At the 1978 Lambeth Conference “the Primates Committee,” which met four times to take major decisions, authorized Archbishop Donald Coggan to “initiate consideration” of a “Committee of Primates” meeting regularly. The relevant section of the Conference report expressed the hope that “such meetings will be held more often.” Resolutions assumed their existence: the decision had already been taken. Archbishop Coggan’s address explaining it was printed in the report. Quoted out of context, as it almost invariably is, his statement that the primates should meet “for leisurely thought, prayer, and deep consultation” might imply merely a fellowship group. In fact, his theme was where “authority in the Anglican Communion” should lie. Rejecting in turn the Archbishop of Canterbury, the Lambeth Conference, the ACC, or a doctrinal commission as its sole repository, he proposed that the primates should meet every two years as “channels through which the voice of the member Churches would be heard, and real interchange of heart could take place” — albeit “in the very closest and intimate contact” with the ACC. For Coggan, the Primates’ Meeting was central to solving the problem of authority in the Anglican Communion, and the primates were their churches’ most natural international representatives.

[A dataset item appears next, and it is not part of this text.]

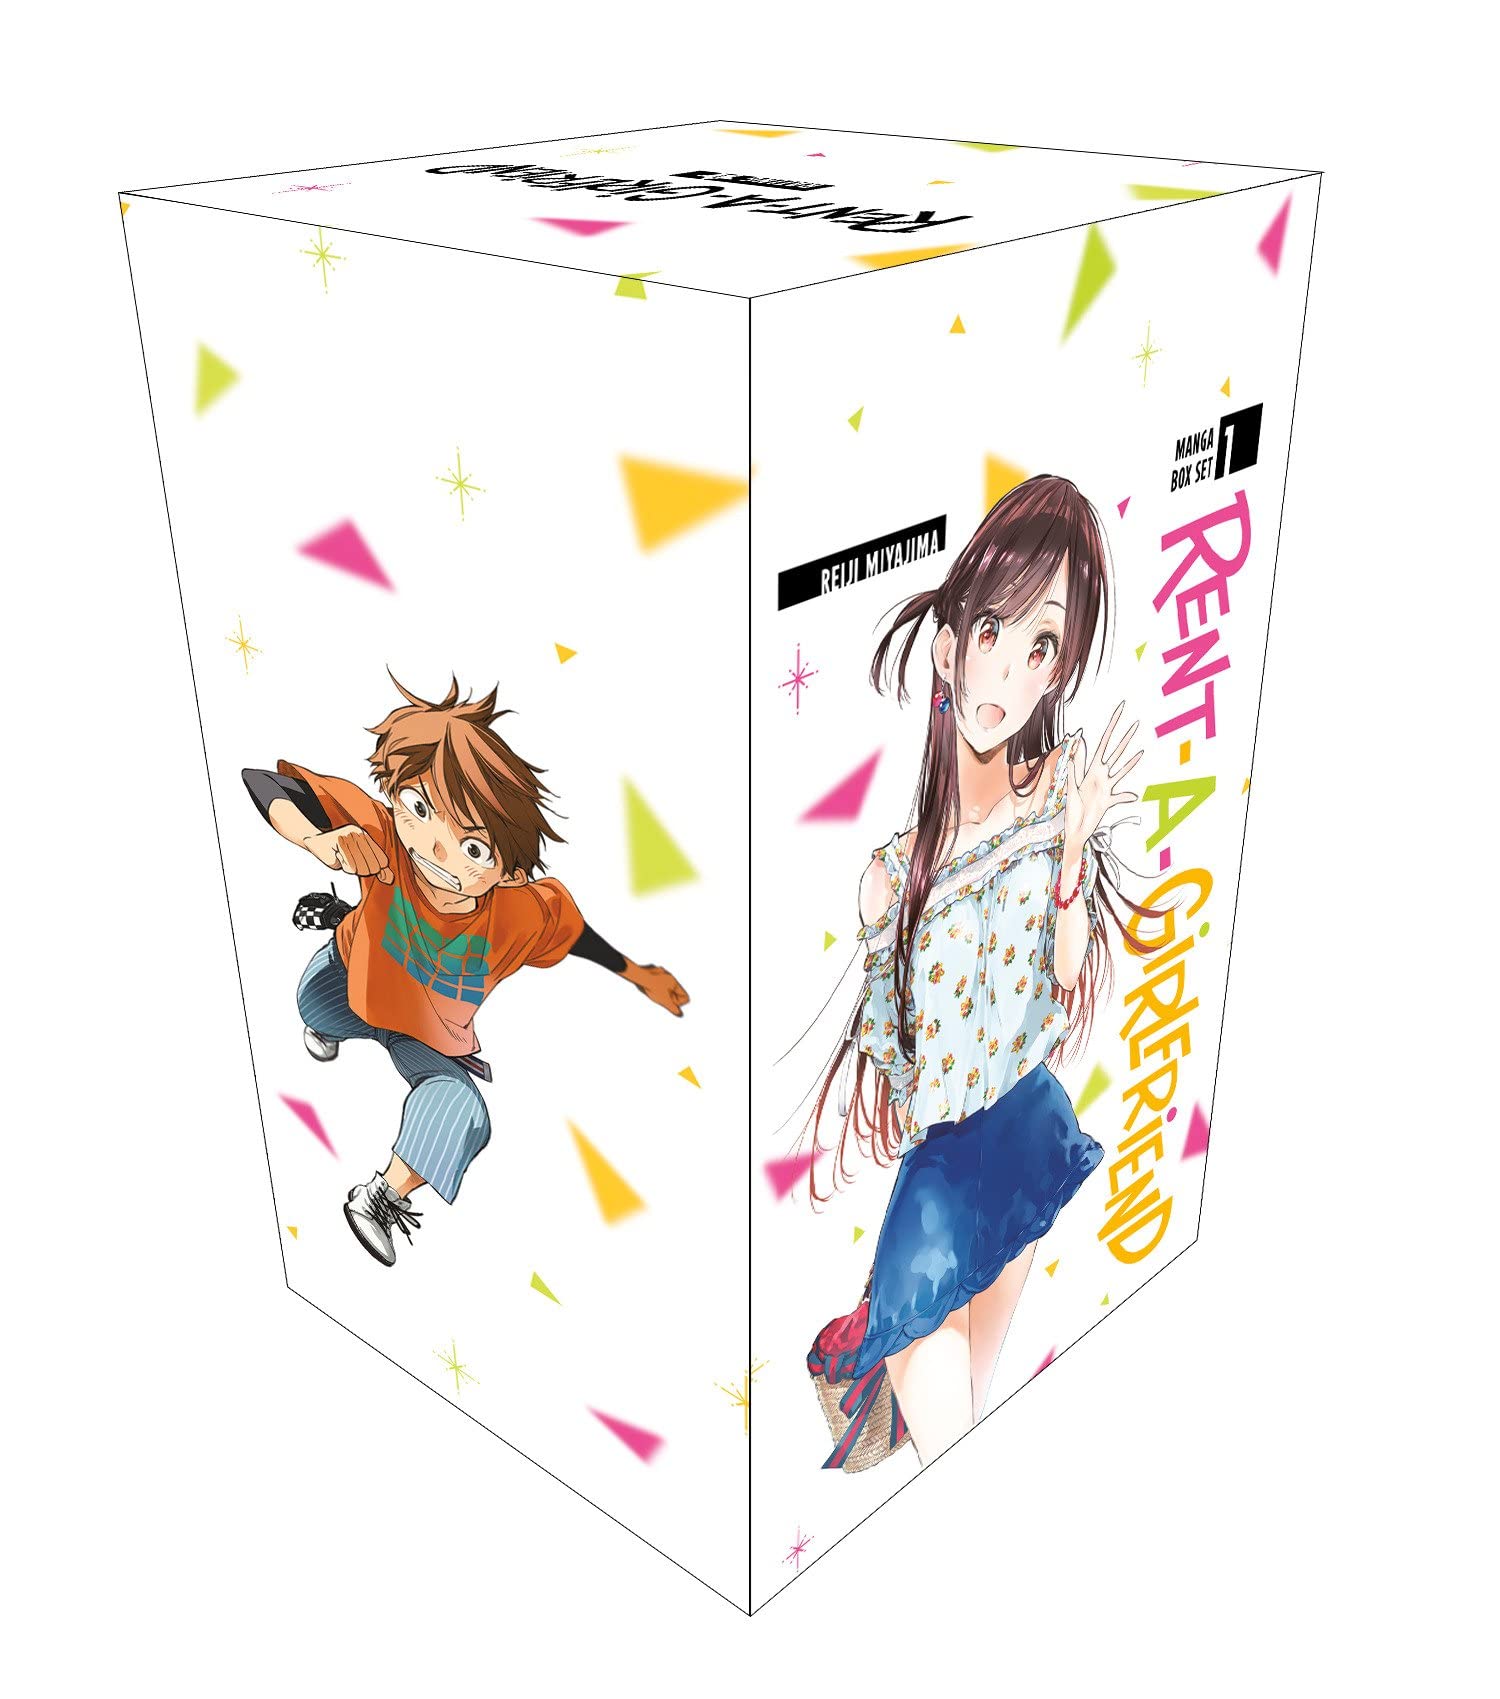 Rent-A-Girlfriend Manga Box Set 1 | Reiji Miyajima

The Conference’s Resolution 11 gave the Primates’ Meeting a crucial role with regard to local developments with wider consequences, advising member churches “not to take action regarding issues which are of concern to the whole Anglican Communion without consultation with a Lambeth Conference or with the episcopate through the Primates Committee.” It also asked the primates “to initiate a study of the nature of authority within the Anglican Communion.” Resolution 12 asked the Archbishop of Canterbury “with all the primates of the Anglican Communion” to initiate consideration of how to relate the various inter-Anglican meetings together. In both instances the primates were to act — not the ACC.

The Primates’ Meeting convened for six days in 1979. Any lingering idea that a meeting of the leaders of the Communion’s churches could be merely social and spiritual will have been dispelled when the agenda (16 items, one covering 13 sub-items) was circulated. The minutes filled 19 pages — plus 16 pages of appendices. In advance, Howe commented that “from discussion with Primates themselves the wish for meetings does not appear to derive from a desire to revive the Lambeth Consultative Body,” but this is in fact what had happened: a formally constituted body consisting of the senior bishop of each Anglican church had been restored. Yet the 1968 revolution had been so profound that the previous existence over seven decades of formally constituted meetings of bishops for consultation, advice, and decision-making between Lambeth Conferences was soon completely forgotten. A meeting of primates came to be regarded by many as an un-Anglican novelty rather than a reversion to the pre-1968 norm.

Colin Podmore is a member of the Living Church Foundation. In June he received the Archbishop of Canterbury’s Lanfranc Award for Education and Scholarship. This article is based on his chapter in volume IV of the Oxford History of Anglicanism (OUP, 2017), where full references are cited. Principal sources include the minutes of the Consultative Body in Lambeth Palace Library and papers in the Anglican Communion Office archives.